We checked for the presence of motifs in the autosomal regions shown to be bound by the DCC complex by Gorchakov et al.  using similar methods. As above, only the regions with signal values above 2 were considered positive in our analyses of the TrojanElephant transposon. The TrojanHorse sequences were kindly provided by the authors.
Evolutionary conservation analyses
To determine whether the motifs were evolutionary conserved, the sequence corresponding to each motif plus 100 nucleotides upstream and downstream of it were selected as queries to perform BLASTN searches against D. virilis genomic sequences (included in the NCBI wgs database). For those sequences for which non-ambiguous homologies were detected (minimal E-value = 10-3, minimal length of homology = 40 nucleotides), we evaluated the percentage of nucleotide identity both within and around the motif. All the sequences for which we found homology in D. virilis were reexamined in the D. melanogaster genome to determine whether they corresponded to coding regions. The codons that corresponded to the conserved motif sequences included in coding regions were characterized using TBLASTX analyses.
Coding region analyses
We downloaded the files containing the coding regions of the D. melanogaster chromosomes (again, from the 4.3 genome release, obtained from Flybase ) and established the frequency of each type of codon. We also determined to which codons the motifs located in coding regions of the X chromosome corresponded, either within or outside the DCC binding regions. Finally, we established the relative position of the motifs along the genes by following methods similar to those described in . Briefly, we obtained from the supplementary material of that paper a list of X chromosome genes with intense DCC binding (average signal > 0.5). From them, we selected those which were larger in size than 2000 base pairs and which also contained at least one motif. For the 421 genes with those features, we mapped all motifs present as follows: the central nucleotide of the motif was found on the X chromosome and a value measuring the relative position along the gene was assigned to that nucleotide (value = [position of the nucleotide on the X chromosome - position of the first (5') nucleotide of the gene on the X chromosome]/total length of the gene). We finally used a Kolmogorov-Smirnov test to establish whether the distribution of motifs was uniform throughout the sequences of the set of genes.

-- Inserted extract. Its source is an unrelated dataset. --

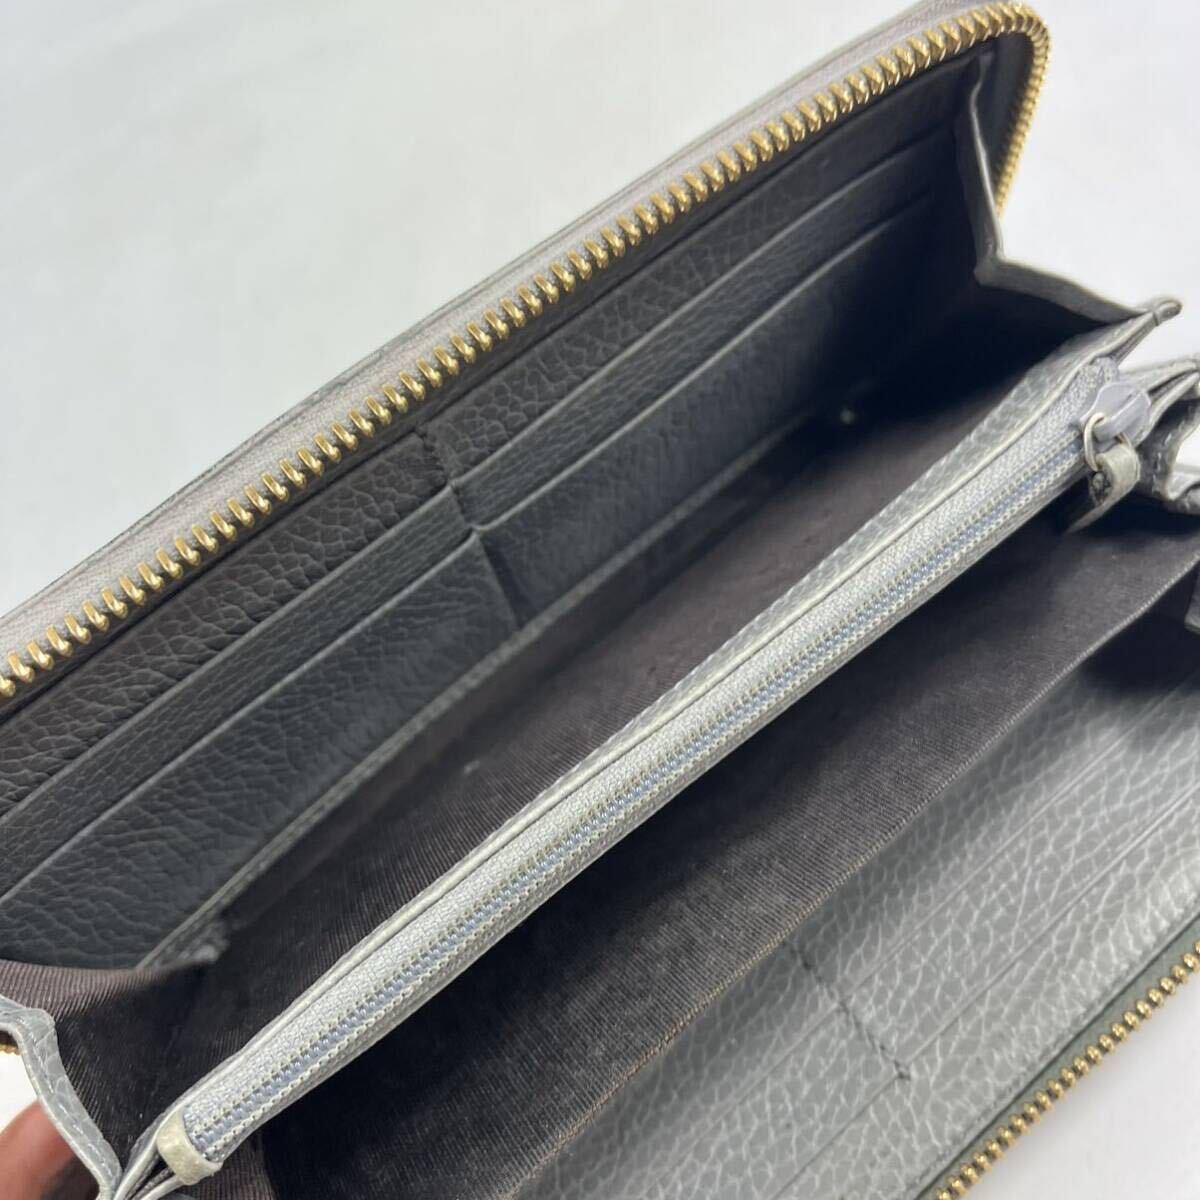 1 иен ~[ трудно найти товар ] GUCCI Gucci раунд застежка-молния длинный кошелек ma-montoGG металлические принадлежности Gold мужской женский бумажник

Analyses of high affinity binding sites
As explained in detail in the Results section, we also established the density of our motif in the high affinity binding sites characterized by Alekseyenko et al.  and Straub et al. . In parallel, we used MEME to reanalyze the data obtained in those two studies in order to establish whether there was any sequence relationship among the motifs detected in the high affinity sites and our motif.
Sliding-window analyses of motif locations
We determined the nucleotide located at the center of all DCC binding regions (from Gilfillan et al.  data), in all the HAS (from Straub et al.  data), and in each region of the X where the DCC does not bind (i. e. the regions that are left along the X chromosome once we eliminate from it the DCC binding regions). We also randomly selected 1000 nucleotides from each large autosomal arm (for a total of 4000 randomly selected points). The central nucleotides of DCC binding regions, non-binding regions, HAS and the randomly taken nucleotides of the autosomes were taken as starting points for sliding-window analyses of motif densities. Those analyses were performed as follows: two 500-nucleotide long windows were initiated at those starting points and then displaced, respectively upstream and downstream from them, one nucleotide at a time. Then, for each window and position, its density of motifs (no. motifs/Mb) was determined. In this way, we obtained a precise characterization of how the density of motifs varies with increasing distances from the starting points.
Primary definition of DCC binding regions, X-specific regions and determination of maximal congruence between both types of regions
Results used in the selection of the cutoff value for X-specificity. In bold, data for the chosen value.
X/2L cutoff (%) a
X regions b
X-positive regions (%) c
DCC positive regions (%) d
Characterization of an X-enriched motif found in DCC binding regions
The X-specific regions included in DCC binding regions (2157, after eliminating duplicates) were analyzed with five motif-recognition programs to determine whether they had anything in common. Notably, each of these five programs indeed detected that many regions had common motifs, although the number of regions detected was quite variable (GLAM2: 1057 regions; MOTIFSAMPLER: 916 regions; MEME: 712 regions; WEEDER: 490 regions; ALIGNACE: 370 regions). We checked for congruence among these results, looking for regions that were detected as significant in at least four of the five programs. This led to the characterization of 329 different sequences. Given that some of them were present more than once in our original dataset, they corresponded to 356 different places along the X chromosome. The expected number of sequences, if the results generated by the programs were independent, was just 102. This difference demonstrated that the five programs often detected the same sequences. Finally, we used MEME to analyze the 329 different sequences obtained, establishing that all of them truly contained a single 12-nucleotide long motif. According to MEME, the probability of such a motif arising by chance so many times in that sample was 10-523. In related analyses, we found that X-specific regions not included in the DCC binding regions are just slightly enriched in simple DNA sequences, mainly poly-G/C . These results demonstrate that there is a common motif in at least 356 places of the X-chromosome that are both highly X-specific (X/2L ratio ≥ 6.8) and where the DCC binds. The motif obtained is shown in Figure 1. It has an obvious repetitive signature: [G(CG)N/N(CG)C]4. From now on, we will refer to this motif as [G(CG)N]4.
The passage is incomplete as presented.